Dynamic imaging of genomic loci in living human cells by an optimized CRISPR/Cas system.

Author information

  • 1Department of Pharmaceutical Chemistry, University of California, San Francisco, San Francisco, CA 94158, USA.
  • 2Department of Cellular and Molecular Pharmacology, University of California, San Francisco, San Francisco, CA 94158, USA; Center for RNA Systems Biology, Berkeley, CA 94720, USA.
  • 3Department of Biochemistry and Biophysics, University of California, San Francisco, San Francisco, CA 94158, USA; Tetrad Graduate Program, University of California, San Francisco, San Francisco, CA 94158, USA.
  • 4Department of Cellular and Molecular Pharmacology, University of California, San Francisco, San Francisco, CA 94158, USA; UCSF Center for Systems and Synthetic Biology, University of California, San Francisco, San Francisco, CA 94158, USA.
  • 5Department of Biochemistry and Biophysics, University of California, San Francisco, San Francisco, CA 94158, USA.
  • 6Department of Cellular and Molecular Pharmacology, University of California, San Francisco, San Francisco, CA 94158, USA; Howard Hughes Medical Institute, University of California, San Francisco, San Francisco, CA 94158, USA; Center for RNA Systems Biology, Berkeley, CA 94720, USA; California Institute for Quantitative Biomedical Research (QB3), San Francisco, CA 94158, USA.
  • 7Department of Cellular and Molecular Pharmacology, University of California, San Francisco, San Francisco, CA 94158, USA; UCSF Center for Systems and Synthetic Biology, University of California, San Francisco, San Francisco, CA 94158, USA; California Institute for Quantitative Biomedical Research (QB3), San Francisco, CA 94158, USA. Electronic address: stanley.qi@ucsf.edu.
  • 8Department of Pharmaceutical Chemistry, University of California, San Francisco, San Francisco, CA 94158, USA; Department of Biochemistry and Biophysics, University of California, San Francisco, San Francisco, CA 94158, USA; California Institute for Quantitative Biomedical Research (QB3), San Francisco, CA 94158, USA. Electronic address: bo.huang@ucsf.edu.

Erratum in

  • Cell. 2014 Jan 16;156(1-2):373.

Abstract

The spatiotemporal organization and dynamics of chromatin play critical roles in regulating genome function.
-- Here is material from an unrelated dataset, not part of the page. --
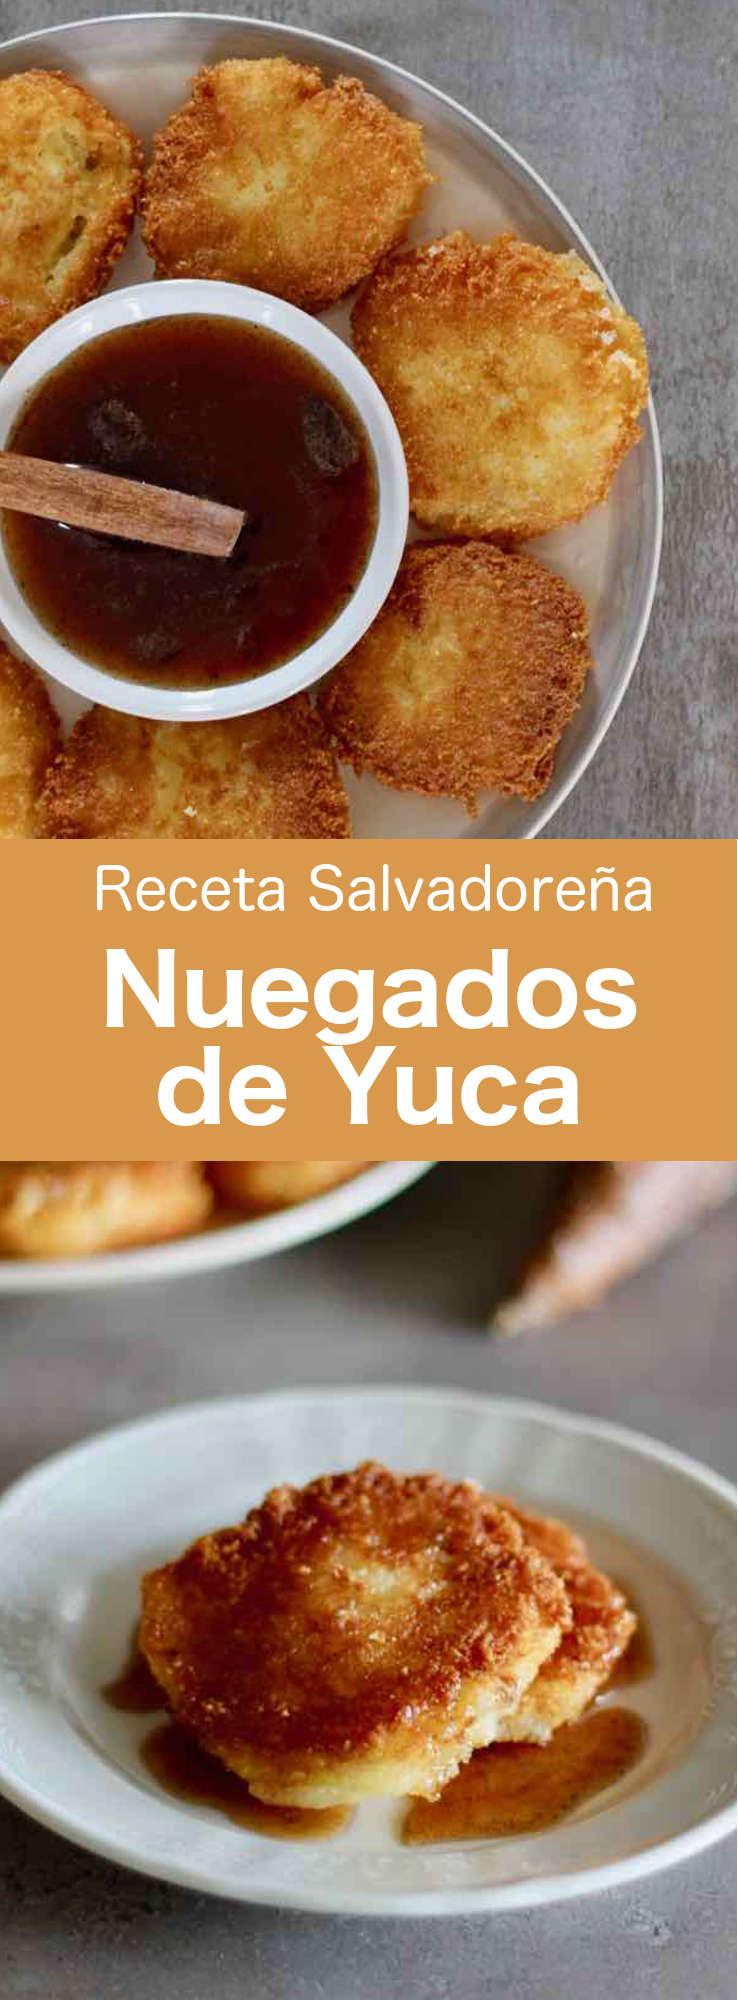 Los nuégados de yuca son deliciosos buñuelos de queso tradicionales de El Salvador que se preparan típicamente durante la Pascua.

However, visualizing specific, endogenous genomic loci remains challenging in living cells. Here, we demonstrate such an imaging technique by repurposing the bacterial CRISPR/Cas system. Using an EGFP-tagged endonuclease-deficient Cas9 protein and a structurally optimized small guide (sg) RNA, we show robust imaging of repetitive elements in telomeres and coding genes in living cells. Furthermore, an array of sgRNAs tiling along the target locus enables the visualization of nonrepetitive genomic sequences. Using this method, we have studied telomere dynamics during elongation or disruption, the subnuclear localization of the MUC4 loci, the cohesion of replicated MUC4 loci on sister chromatids, and their dynamic behaviors during mitosis. This CRISPR imaging tool has potential to significantly improve the capacity to study the conformation and dynamics of native chromosomes in living human cells.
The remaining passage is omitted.